# Decomposing the Time Series and Inspecting its Seasonality

The previous [notebook](1.0-vtm-initial-data-exploration.ipynb) led us to believe that there are seasonal aspects to the time data, since it is basically the wet and dry season of a specific location.

Here we'll analyze the data in three distinc granularities:

- Monthly
- Weekly
- Daily

The unstructured data was changed and altered on LibreOffice Calc - since the original raw data was obtained in this format - the three outputs are three time series, one for each of the scales mentioned early. From these series, we'll evalute their seasonality and noise.

Let's load the datasets:

In [1]:
# Basic imports

import pandas as pd
import numpy as np
import seaborn as sns
import matplotlib.pyplot as plt
import os

# Time Series decomposition libraries

from statsmodels.tsa.seasonal import seasonal_decompose


Loading the data:

In [2]:
MONTHLY_DATA_PATH = os.path.abspath(r"..\data").replace('\\','/') + '/processed/monthly_rainfall.xlsx'
WEEKLY_DATA_PATH = os.path.abspath(r"..\data").replace('\\','/') + '/processed/weekly_rainfall_avg.xlsx'
DAILY_DATA_PATH = os.path.abspath(r"..\data").replace('\\','/') + '/processed/daily_rainfall.xlsx'

monthly_df = pd.read_excel(MONTHLY_DATA_PATH, 
                           index_col=[0],
                           parse_dates=[0])

weekly_df = pd.read_excel(WEEKLY_DATA_PATH,
                          index_col=[0],
                          parse_dates=[0])

daily_df = pd.read_excel(DAILY_DATA_PATH,
                         index_col=[0], 
                         parse_dates=[0])

Let's start with the monthly series

In [None]:
monthly_df.head()

Dataframe columns look ok. Since we are measuring the months from 2014 to 2021, we should have __96__ months in total:

In [None]:
monthly_df.shape

No problems. Let's proceed to plotting the data:

In [None]:
monthly_df.plot(figsize=(15,10))

There's clearly a cycle each year, as expected. With rainfall peaking during the southern hemisphere's¹ Spring and Summer (September to March), and plummeting during the southern hemisphere's Fall and Winter (April to August). In a sense, we can correlate these peaks and troughs with the already established wet and dry seasons for this particular region.

With this information at hand, let's decompose the series to study its seasonality and noise better:

In [None]:
decompose_monthly_rainfall = seasonal_decompose(monthly_df)

decompose_monthly_rainfall.plot();

The weekly data is a bit tricky to work with - it needed to be separated not by common dates but by bloks of 7 days, rendering the date format useless. This problem was circumvented by assignin an interger number to each week, meaning that the higher the week number is, the farther in the date the series is. Another relavant point is that the monthly data includes the years 2014 and 2015, however, there's no daily data for these two years. The next series, weekly and daily, will only encompass the time period between 2016 and 2021.
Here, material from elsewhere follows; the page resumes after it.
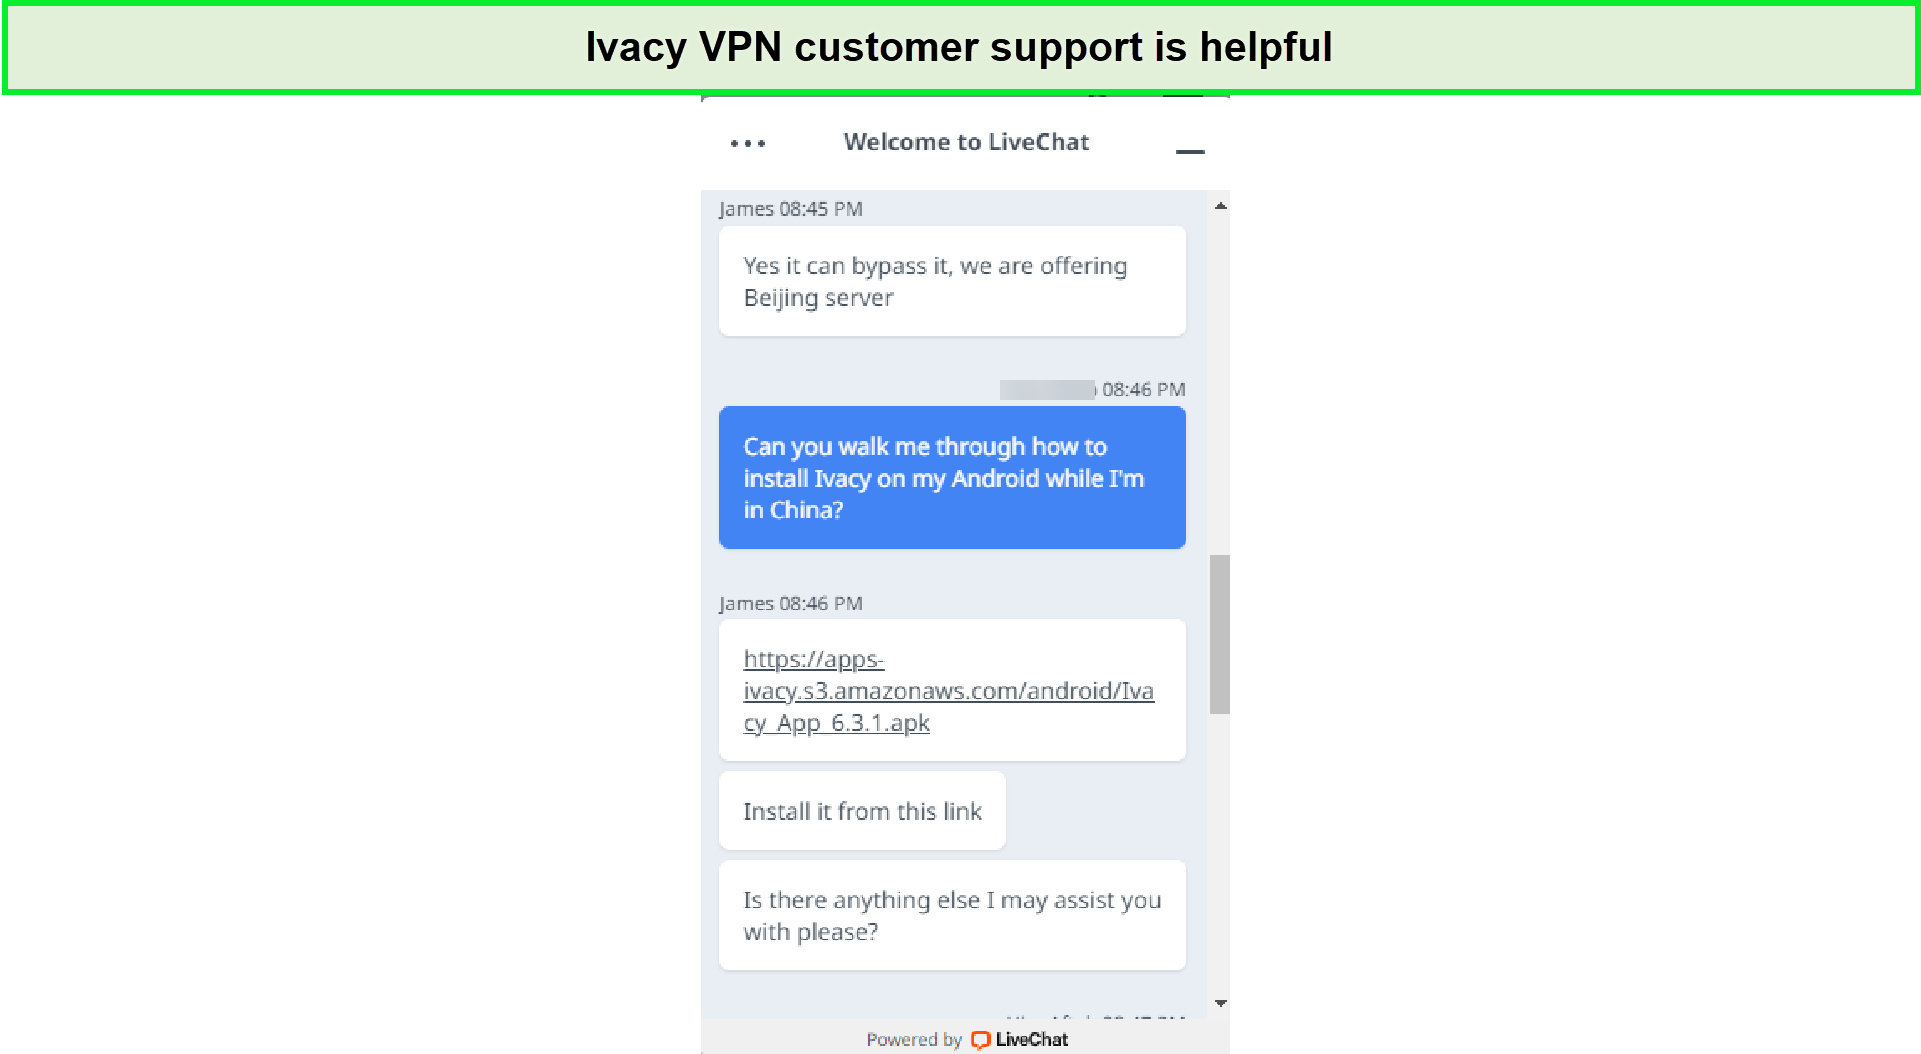 ivacy-customer-support-in-Spain

Let's plot the weekly rainfall average along the years - the series must contain 313 weeks (six full years in total):

In [None]:
weekly_df.head()

In [None]:
weekly_df.shape

# Dataset size looks ok

In [None]:
weekly_df.plot(figsize=(30,10))

It's clear that the weekly data is much, much noisier. Let's try and decompose it:

In [None]:
decompose_weekly_rainfall = seasonal_decompose(weekly_df)


decompose_weekly_rainfall.plot();

Interestingly, the weekly trend is similar to the monthly one, albeit with much more noise. Seasonality looks promising, with much more detail in the weekly series.

Finally, let's take a look at the daily data. It's possibily the noisiest of the three, and probably the most difficult one to extract information; hopefully, we'll see an improvement in the seasonality detail and a matching trend.

Again, the dialy data ranges from the years 2016 to 2021, so this will give us 2192 days. Let's check the dataset's size and plot it:

In [None]:
daily_df.shape

In [None]:
daily_df.plot(figsize=(20,8))

Cleary the data is the noisiest (as expected), but we can discern the same yearly periods (wet and sry seasons) very precisely.

In [None]:
decompose_daily_rainfall = seasonal_decompose(daily_df)

decompose_daily_rainfall.plot();

It seems that the seasonality becomes an irrelevant data in a daily series. The trend is also basically the same as the year. This might be a case of too much granularity of data.